1.0     IntroductionLevels of Evidence (1)

The aim of a systematic review is to identify, evaluate and summarise the findings of all relevant individual studies, thereby making the available evidence more accessible to decision-makers and fitness professionals/practitioners.

It is important that fitness professionals understand what a systematic review is and how to interpret the various ‘versions’. Further, it is equally important that fitness professionals understand how each version’s methodology can affect the results and subsequently real world practice.

This article provides a brief overview of systematic reviews including what they are, their ‘hierarchy’ and an outline of the levels of evidence as derived from the reviews.

More detailed insight about systematic reviews can be gained by viewing the useful links and references sections at the end of the article (though don’t expect a quick read!).

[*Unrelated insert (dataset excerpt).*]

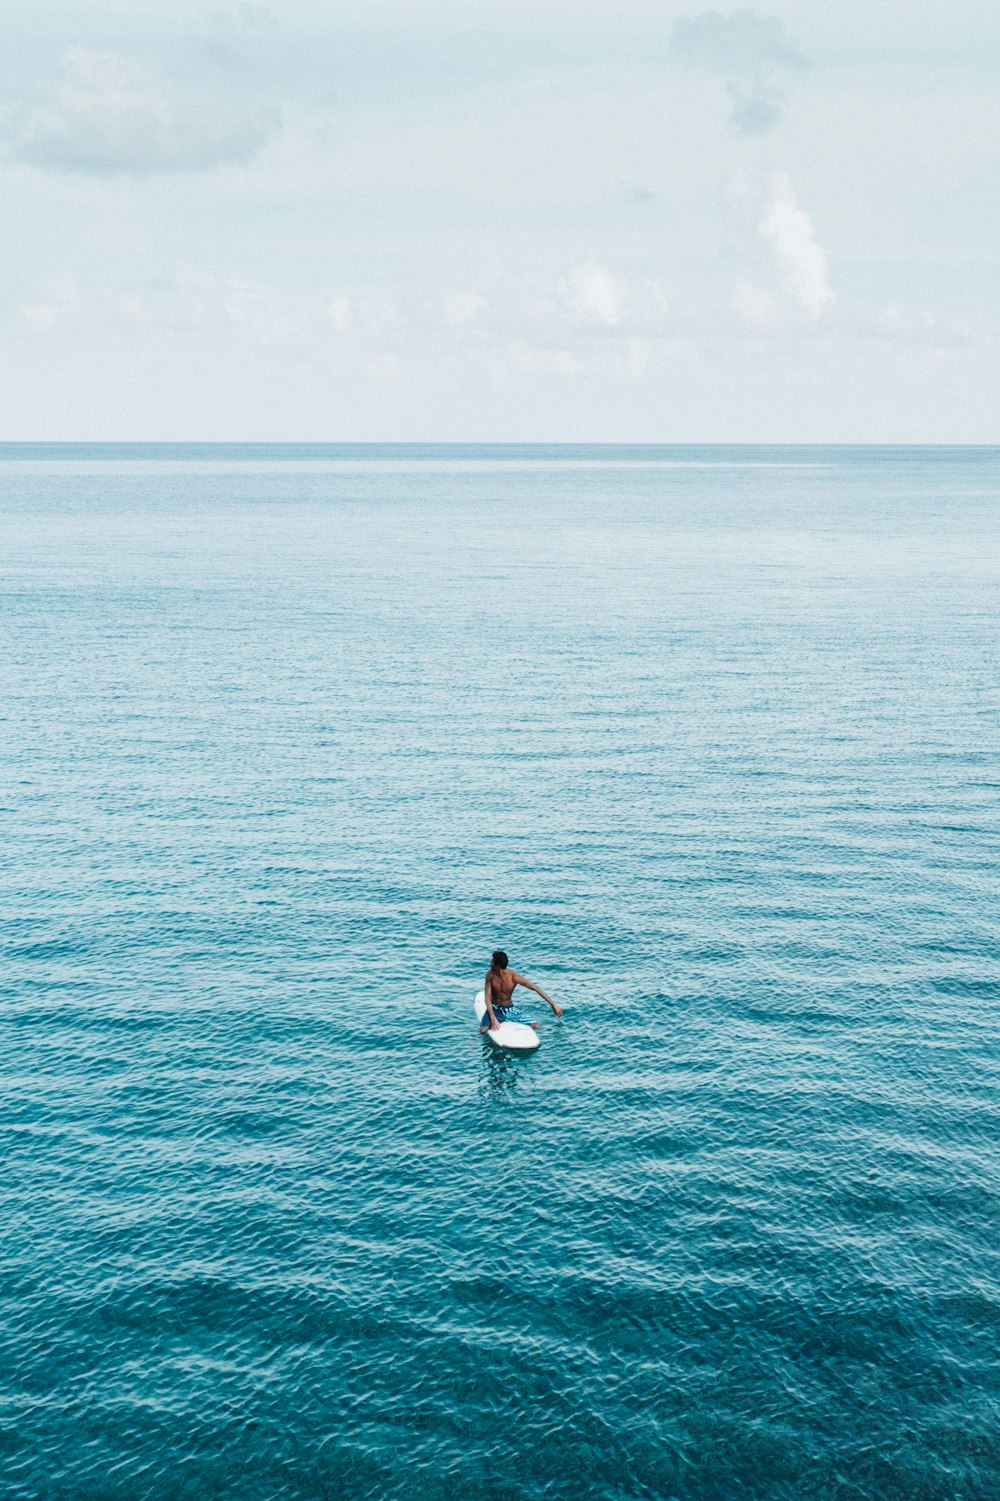 woman in white shirt and black pants surfing on sea during daytime

2.0     What is a Systematic Review?

A systematic review is a literature review focused on a research question that tries to identify, appraise, select and synthesise all high quality research evidence relevant to that question.

Systematic reviews of high-quality randomised controlled trials are important to evidence-based medicine (CEBM, 2011). An understanding of systematic reviews and how to implement them in practice is becoming mandatory for all professionals involved in the delivery of health care. Besides health interventions, systematic reviews may concern clinical tests, public health interventions, social interventions, adverse effects, and economic evaluations (CRD, 2009; EPPI, 2010).

Systematic reviews are not limited to medicine and are quite common in other sciences where data are collected, published in the literature, and an assessment of methodological quality for a precisely defined subject would be helpful. Other fields where systematic reviews are used include psychology, nursing, dentistry, public health, occupational therapy, speech therapy, physical therapy, educational research, sociology, business management, environmental management and conservation biology.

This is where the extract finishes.